* Data below
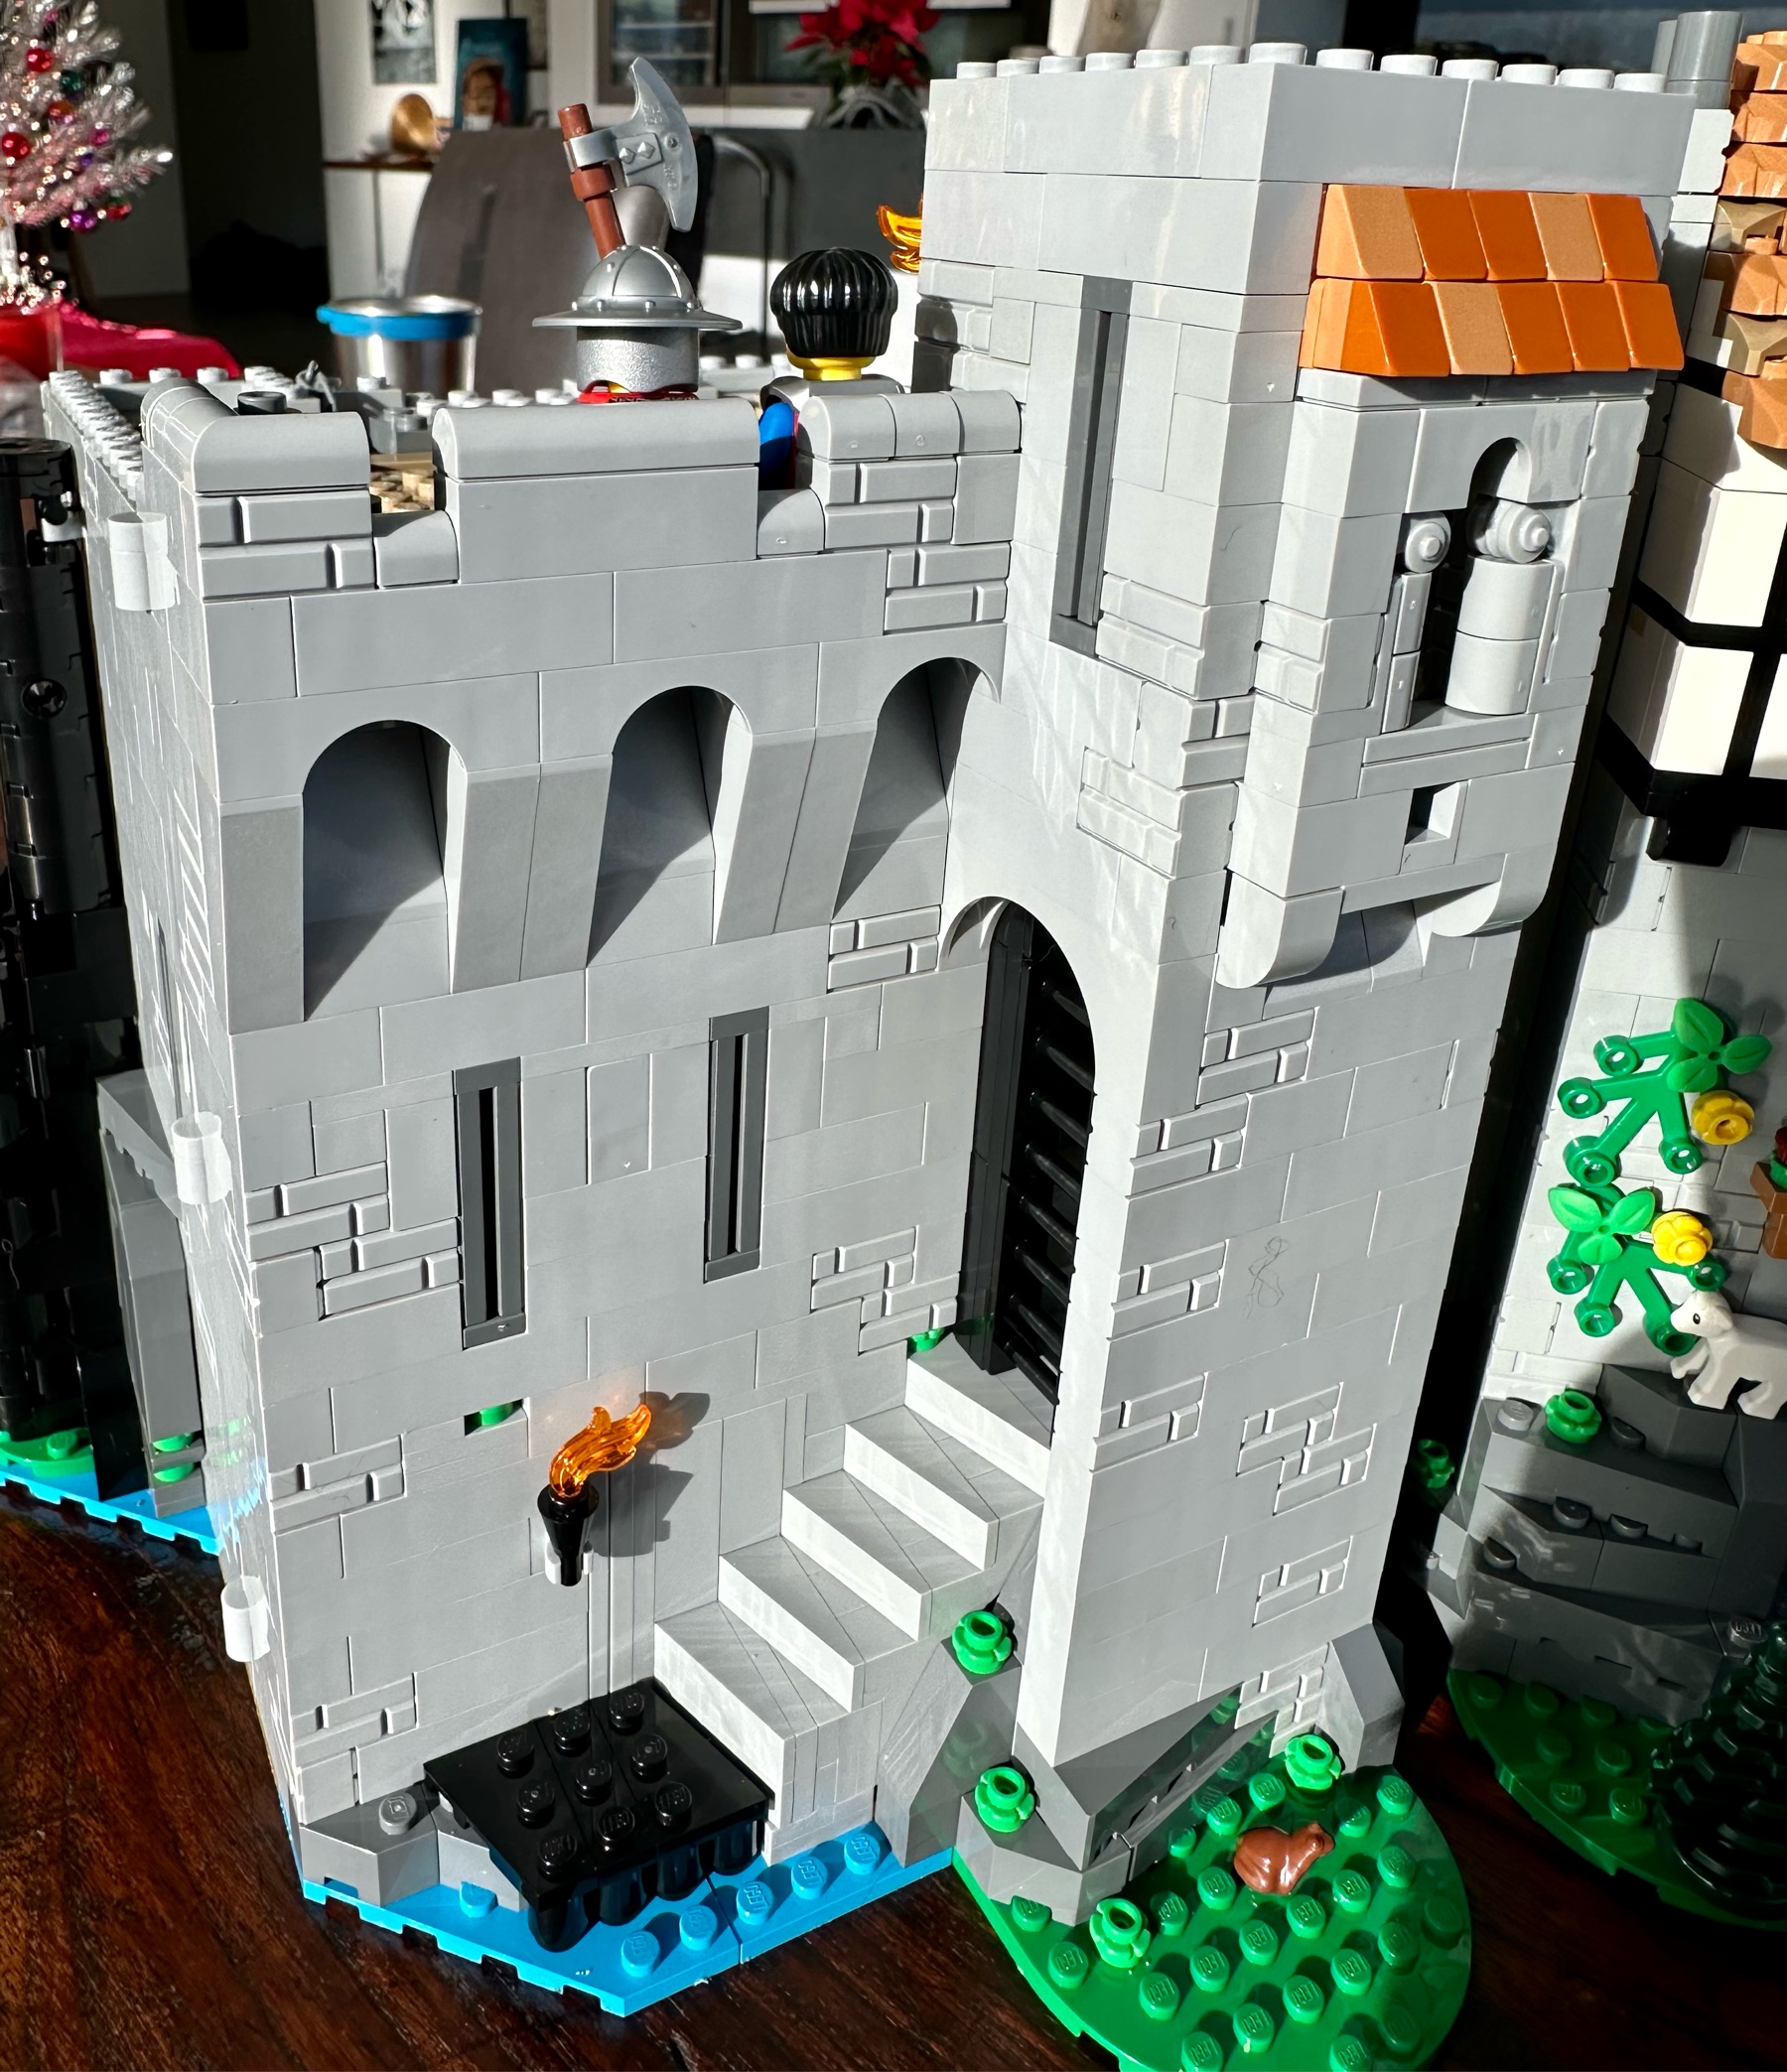 Exterior view of LEGO castle showing a black portcullis lowered at the top of a flight of stairs. Above the backs of two guards can be seen leaning against the parapet.
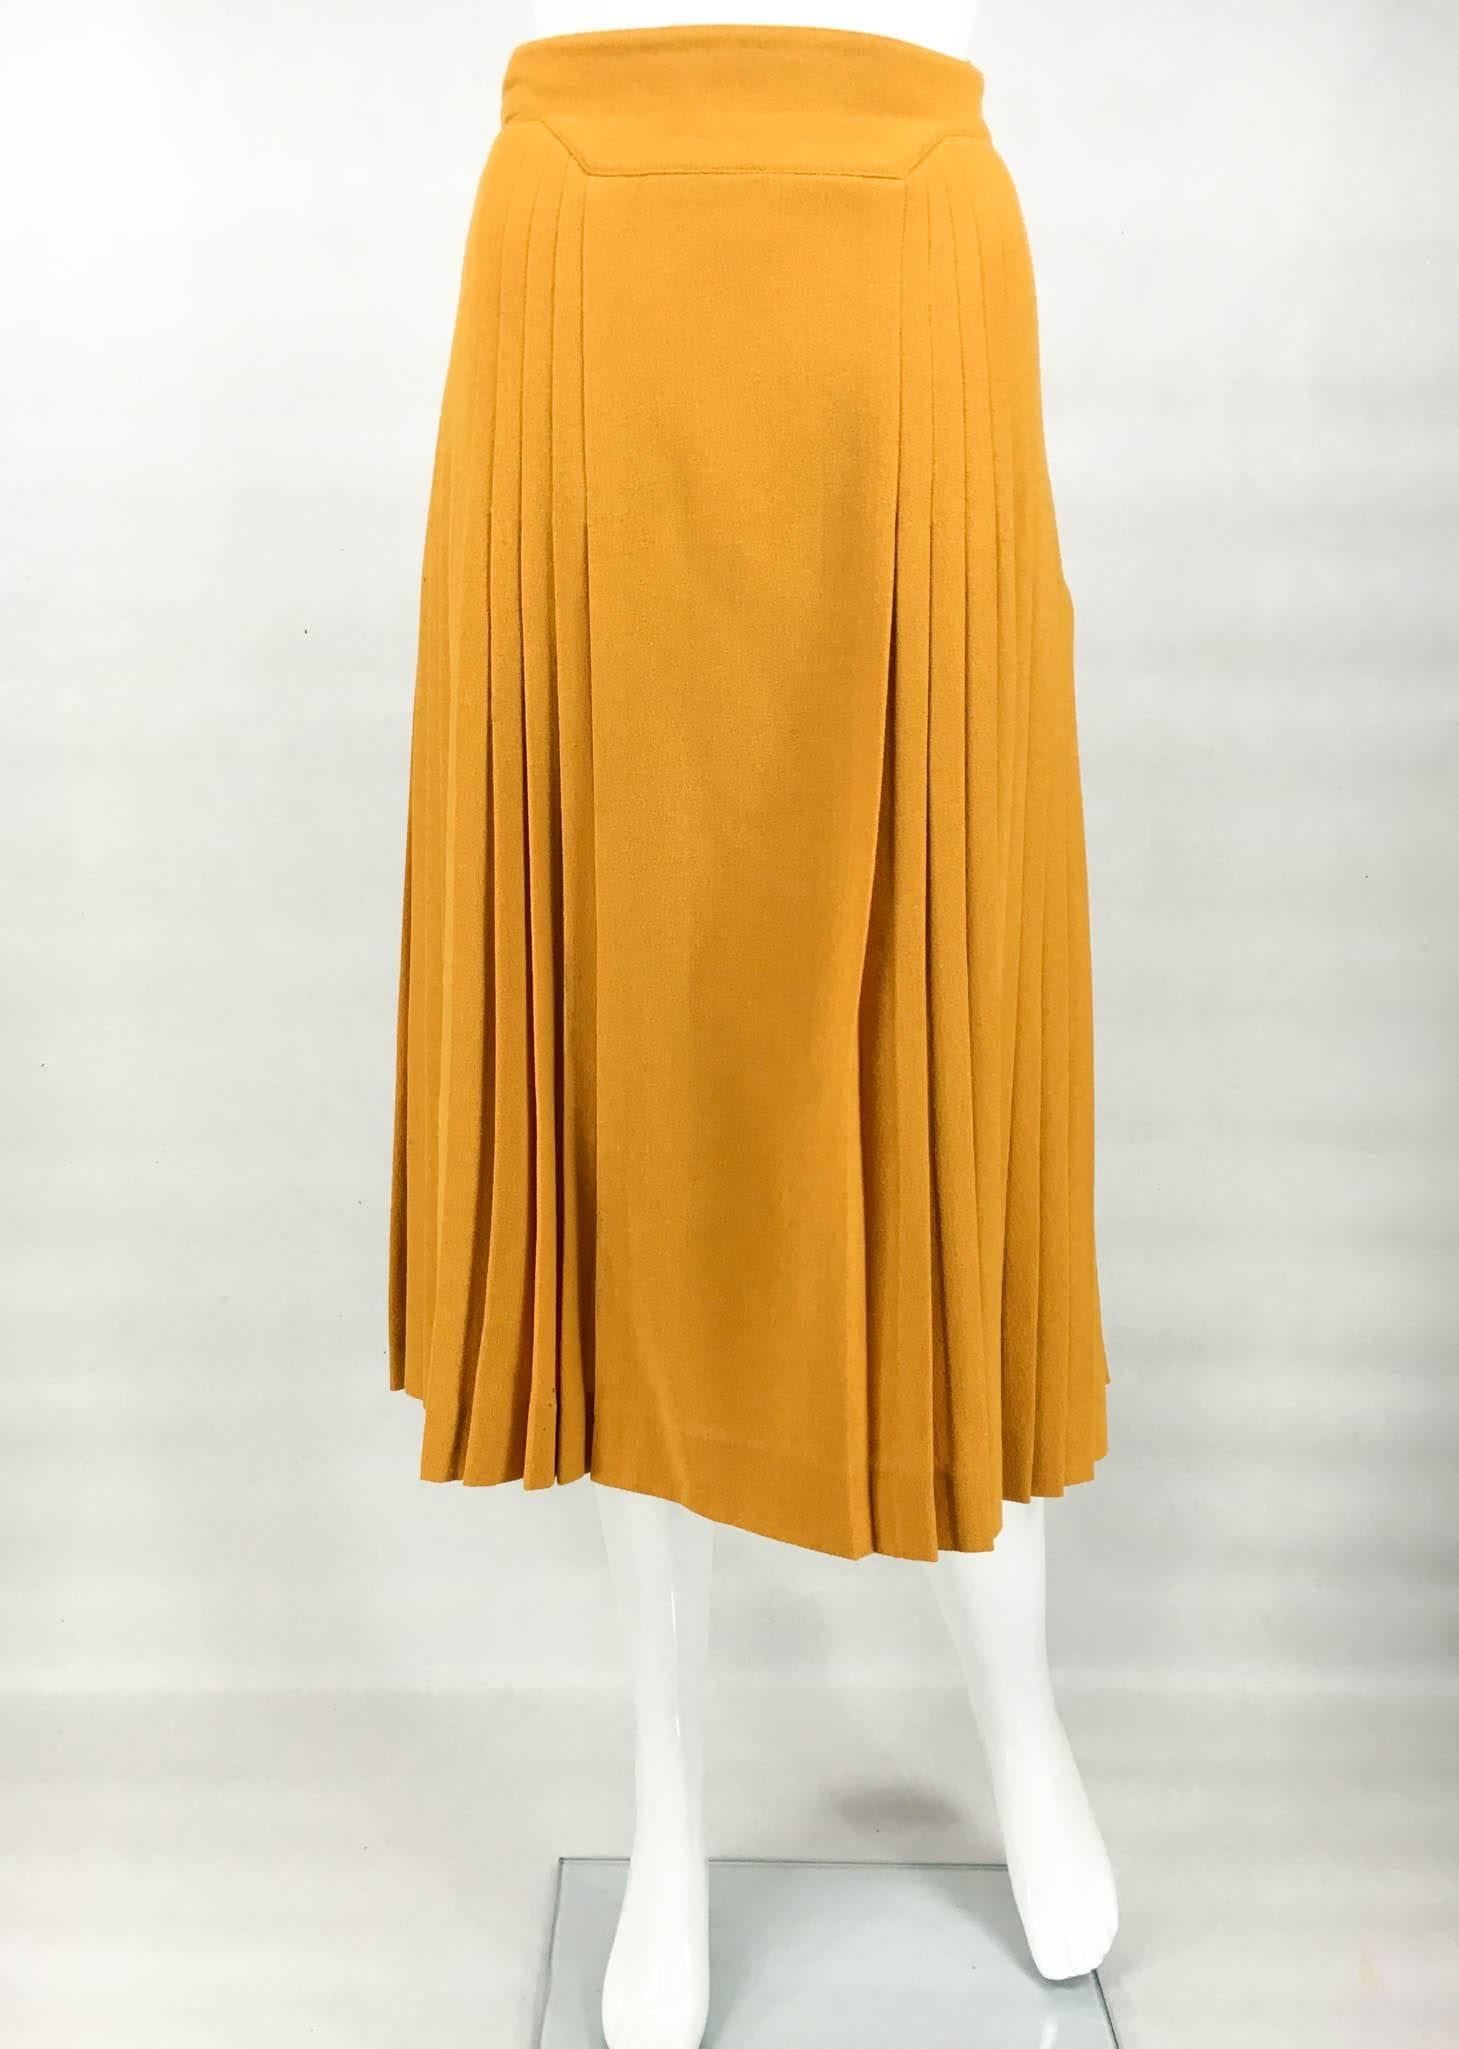 Dior Wool Crepe Pleated Skirt Ensemble - 1970s For Sale 1
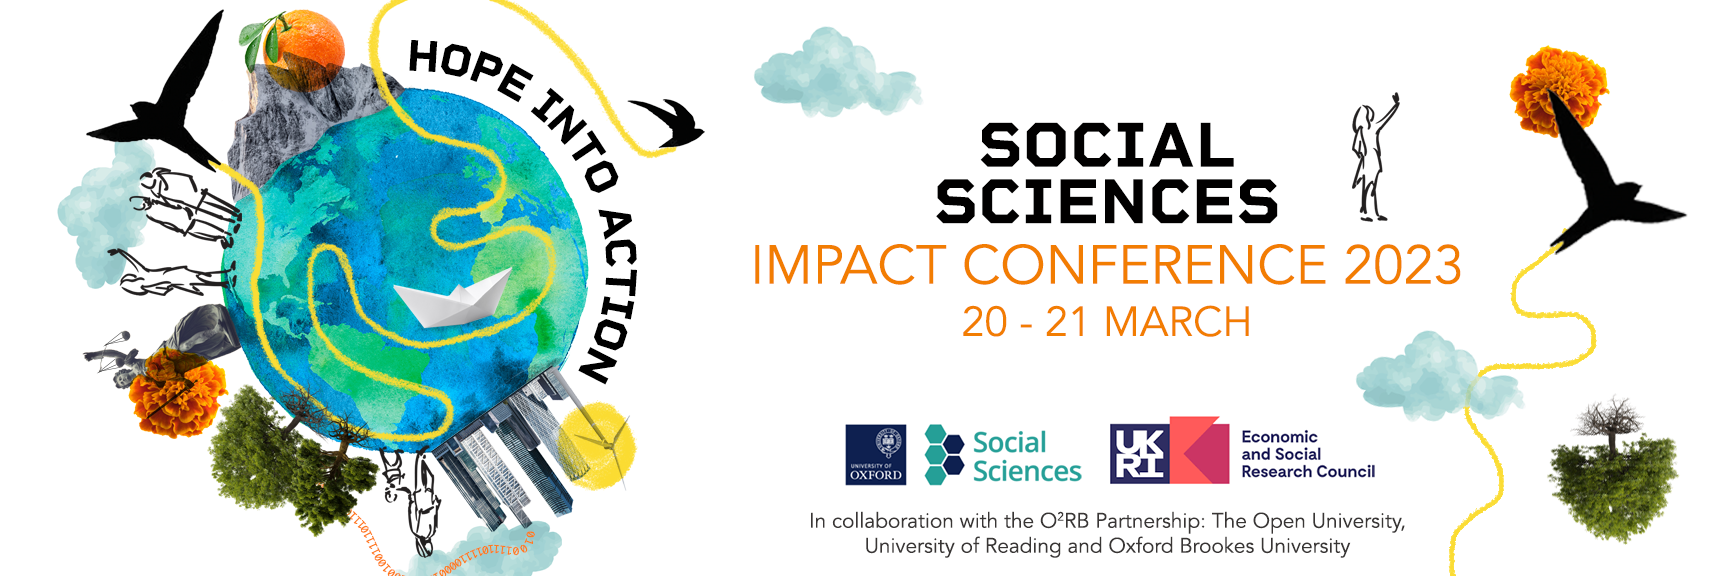 Colourful globe graphic. Hope into Action: Social Sciences Impact Conference 2023. Oxford Social Sciences & the UKRI Economic and Social Research Council, in collaboration with the O2RB Partnership: the Open Uni, Uni of Reading, and Oxford Brookes Uni.
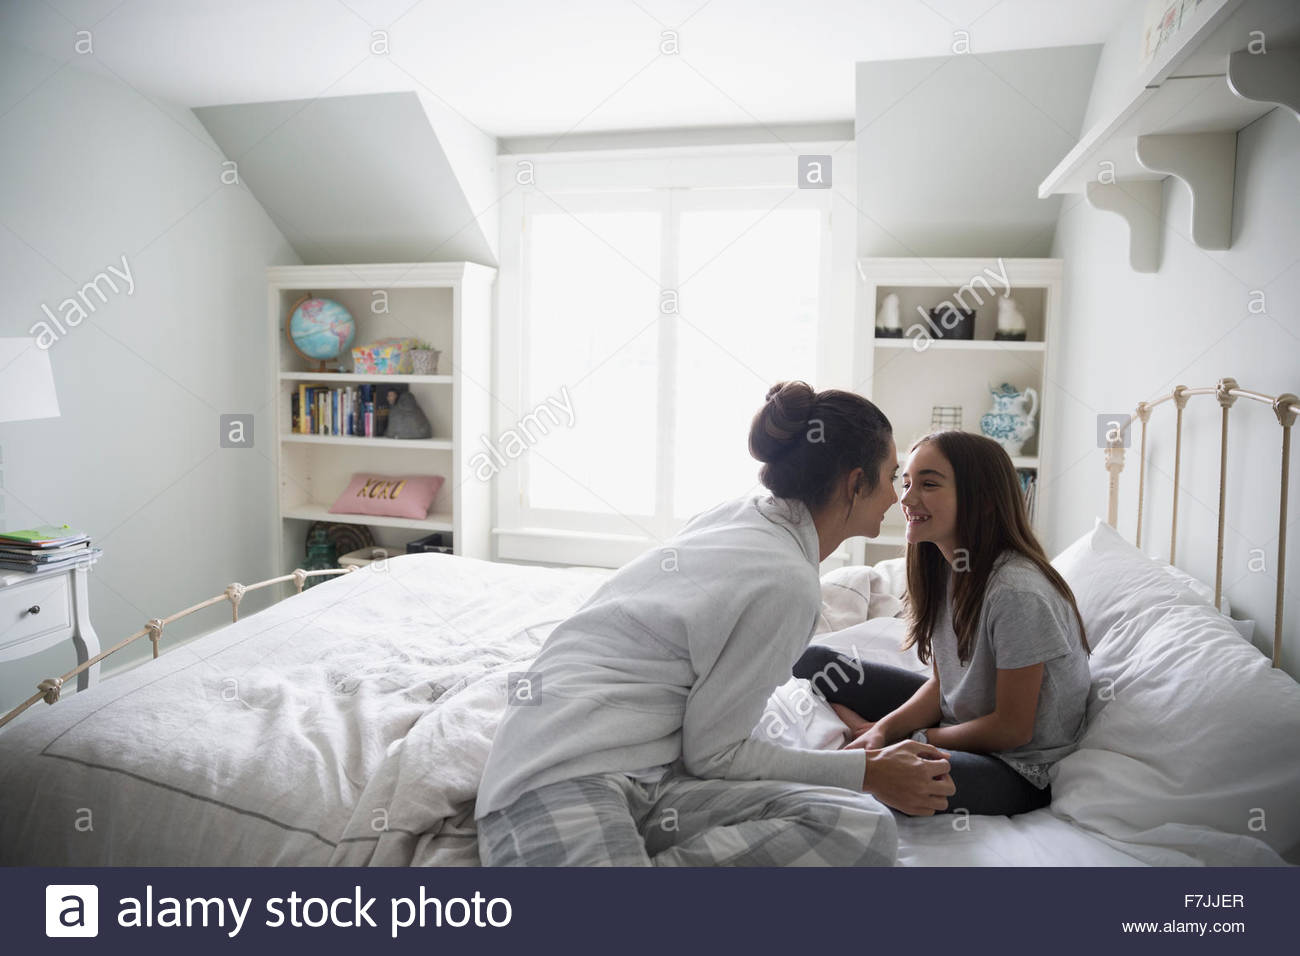 Affectionate mother and daughter rubbing noses on bed Stock Photo

* Exercise requirements
Return the material exactly as given above, picture-free.

* Response area
 Exterior view of LEGO castle showing a black portcullis lowered at the top of a flight of stairs. Above the backs of two guards can be seen leaning against the parapet.
 Dior Wool Crepe Pleated Skirt Ensemble - 1970s For Sale 1
 Colourful globe graphic. Hope into Action: Social Sciences Impact Conference 2023. Oxford Social Sciences & the UKRI Economic and Social Research Council, in collaboration with the O2RB Partnership: the Open Uni, Uni of Reading, and Oxford Brookes Uni.
 Affectionate mother and daughter rubbing noses on bed Stock Photo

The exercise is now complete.